JNU hotel fee hike row on way to resolution

JNU hotel fee hike row on way to resolution

File picture of JNU students protesting over hotel fee-hike. (Credit: PTI)

A resolution of the JNU hostel fee hike, which led to a massive protest by the students and first-ever incident of violence in the campus on January 5, seems likely after HRD ministry held a series of confabulations with the varsity's students, teachers and administration.

However, the protest of the Jawaharlal Nehru University (JNU) students union seeking removal of M Jagadesh Kumar as vice-chancellor of the varsity will continue, president of the students body Aishe Ghosh indicated.

A final decision on whether to JNU students union (JNUSU) would call off its over two-month-long strike in the campus will be taken at the meeting of the counsellors and all office-bearers of the students body after the Human Resource Development (HRD) ministry issues “a circular” detailing the steps to be taken to address the “demands and concerns” of the students, she said.

After back to back meetings with the JNU administration officials, JNUSU office bearers and university grants commission (UGC) chief D P Singh, higher education secretary Amit Khare said that the vice-chancellor has given an assurance for implementation of all the decisions jointly taken by the varsity administration, students body and ministry last month to restore normalcy in the campus.
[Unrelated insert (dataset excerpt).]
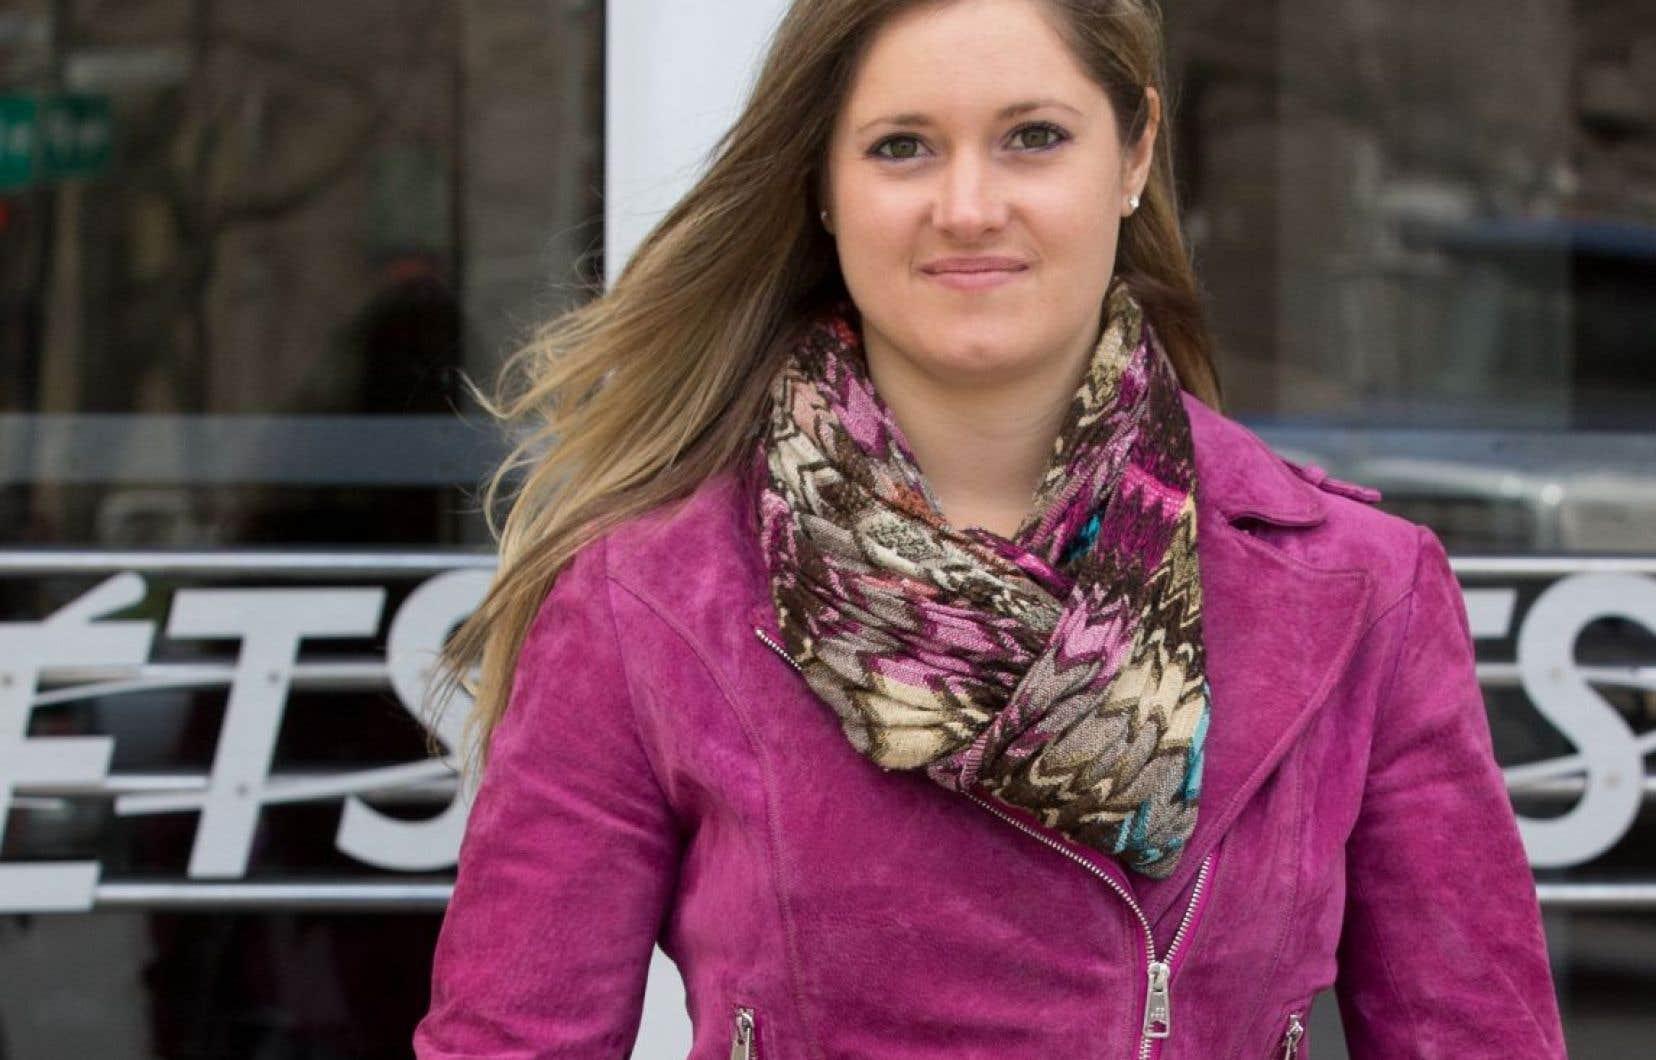 Pour Kimberley Marin, étudiante à l'École de technologie supérieure (ETS) de Montréal, la croisade contre le harcèlement sexuel a commencé aux initiations de l'automne 2015.

“We apprised the JNU students union's office bearers about it during the meeting and appealed them to call off their strike,” he added.

JNU, meanwhile, issued a circular making it clear that students will have to only pay revised hostel room rent—Rs 300 for a single bed and Rs 600 for double bed with provision for 50% concession to students belonging to below poverty line. Service and utility charges for the hostel residents will not be charged from the students.

“The appropriate modalities will be worked out by the UGC for additional funds to bear the service and utility charges for the hostels of the students,” Khare told reporters.

Kumar assured the HRD ministry that that JNU administration will take every effort to make sure that all students and teachers have “a conducive atmosphere” to pursue their academic activities.

"In a meeting with the deans and chairpersons, it was decided that the classes would start from January 13. If required, the date for winter semester registration would further be extended,” Kumar said in a statement.

Ghosh said HRD ministry was “positively” intervening into the matter.

“After HRD ministry's intervention, the vice-chancellor is now saying he will implement the decisions taken last month. He is also now talking about extending the date of registration. Ministry is repeatedly assuring that it will support us,” she said.

HRD minister Ramesh Pokhriyal Nishank later said he was "distressed" over the involvement of JNU students in the campus violence as pointed out by the Delhi Police in its [preliminary investigation, asserting that his ministry will not tolerate any violence and anarchy on the campus.

"Those students who were stopped from registering themselves and others are appealed to register and participate in smooth conduct of academic activities," he tweeted, appealing to the students to maintain a "dignified" atmosphere in the university.